Per la pietra, sulla quale la Santa Chiesa è
fabbricata, voi intendete Pietro. Se fosse vero, la disputa sarebbe terminata:
ma i nostri antenati, e certamente sapevano qualche cosa, non la pensavano come
noi.
S. Cirillo, nel suo quarto libro sulla Trinità,
dice "Io credo che per la pietra, bisogna intendere la incrollabile fede
dell’apostolo". S. Ilario, vescovo di Poitiers, nel suo secondo libro
sulla Trinità dice "La pietra (petra), è la beata ed unica pietra della
fede confessata per bocca di S. Pietro: ed è, dice nel sesto libro della
Trinità, su questa pietra della confessione, che la chiesa è edificata.
"Dio, dice S. Girolamo, nel 6° libro di S. Matteo, ha fondato la sua
chiesa su questa pietra ed è su questa pietra che l’apostolo Pietro è stato
nominato." Dopo lui, S. Grisostomo dice, nella sua 53 omelia sopra S.
Matteo". Su questa pietra edificherò la mia chiesa, cioè sulla fede della
confessione: or qual era la confessione dell’apostolo? Eccola "Tu sei il
Cristo, il figlio di Dio vivente."
Ambrogio, il santo arcivescovo di Milano, nel
secondo capitolo agli Efesi, S. Basilio di Seleucia, ed i padri del Concilio di
Calcedonia insegnano esattamente la medesima cosa.
Di tutti i dottori della antichità cristiana,
S. Agostino è quello, che occupa uno dei primi posti nella Chiesa, per la
scienza e santità. Ascoltate dunque ciò ch’egli scrive nel suo secondo trattato
sulla prima lettera di S. Giovanni. "Che cosa vogliono dire le parole.
"Io edificherò la mia chiesa su questa pietra? Su questa fede, su quello
che è detto.
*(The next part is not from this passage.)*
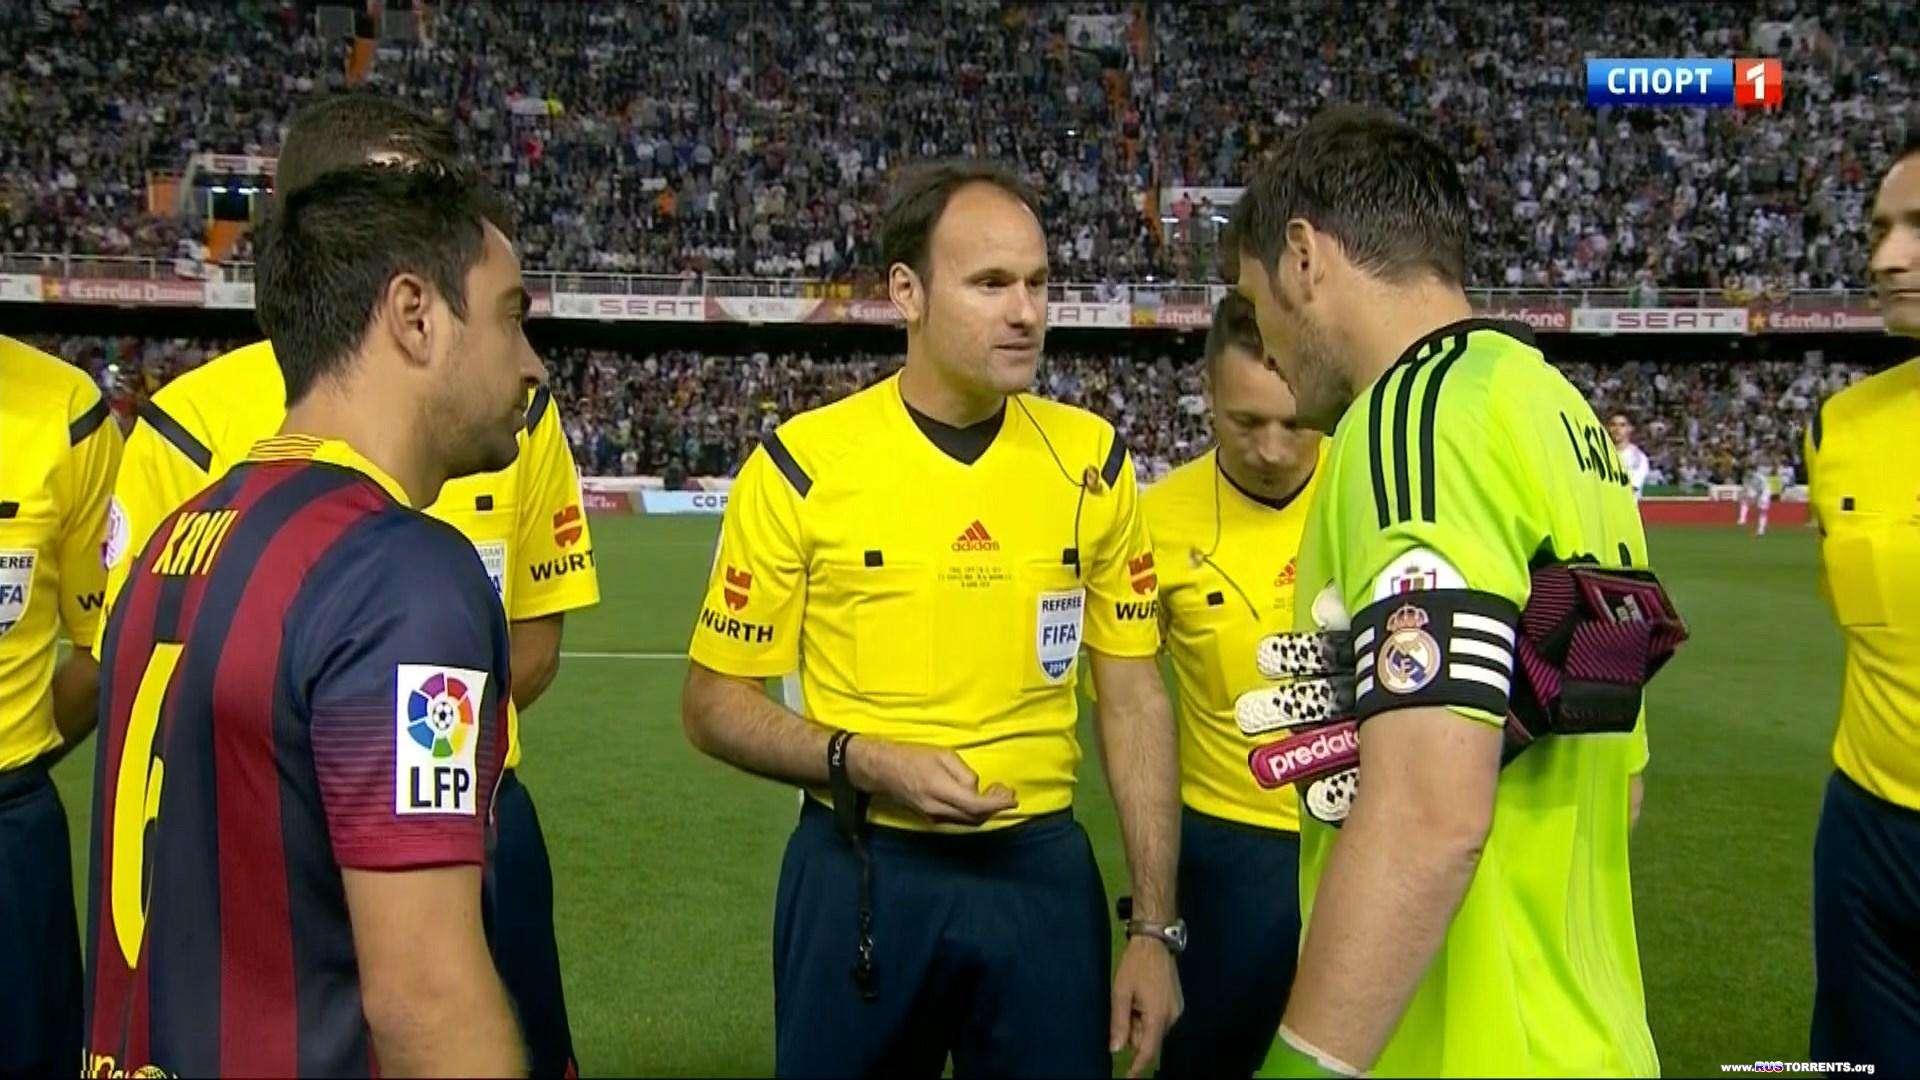 Футбол. Кубок Испании 2013-14. Финал. Барселона - Реал Мадрид | HDTV 1080i

Tu sei il Cristo, il figlio di Dio vivente."
Nel suo 124° trattato sopra S. Giovanni,
troviamo questa significantissima frase "Sopra questa pietra che tu hai
confessato, io edificherò la mia chiesa, imperocchè Cristo era la pietra."
Il gran vescovo credeva tanto poco che la
chiesa fosse fabbricata su S. Pietro, che diceva a’ suoi fedeli nel suo 13
sermone. "Tu sei Pietro e su questa pietra che tu hai confessato, su
questa pietra, che tu hai conosciuto dicendo – Tu sei Cristo, il figlio di Dio
vivente – io edificherò la mia chiesa sopra me stesso, che sono il figlio di
Dio vivente: io la edificherò su ME, E NON ME SU TE."
Quello che S. Agostino pensava sopra questo
celebre passo, era la opinione di tutta la cristianità del suo tempo. Dunque
riassumendo, stabilisco:
1° Che Gesù ha dato agli apostoli il medesimo
potere che a san Pietro;
2° Che gli apostoli non hanno mai riconosciuto
in S. Pietro il vicario di Gesù Cristo e il dottore infallibile della chiesa;
3° Che S. Pietro non ha mai pensato di essere
papa, e non ha mai fatto da papa;
4° Che i concilii dei quattro primi secoli,
mentre riconoscevano l’alto posto, che il vescovo di Roma occupava nella
Chiesa, appunto per cagione di Roma, non gli hanno accordato che una preminenza
d’onore, mai un potere, nè una giurisdizione;
5° Che i SS. Padri nel famoso passo "Tu
sei Pietro e sopra questa pietra edificherò la mia chiesa" non hanno mai
inteso che la Chiesa fosse edificata su Pietro (super Petrum), ma sulla pietra
(super petram), cioè sulla confessione della fede dell’apostolo.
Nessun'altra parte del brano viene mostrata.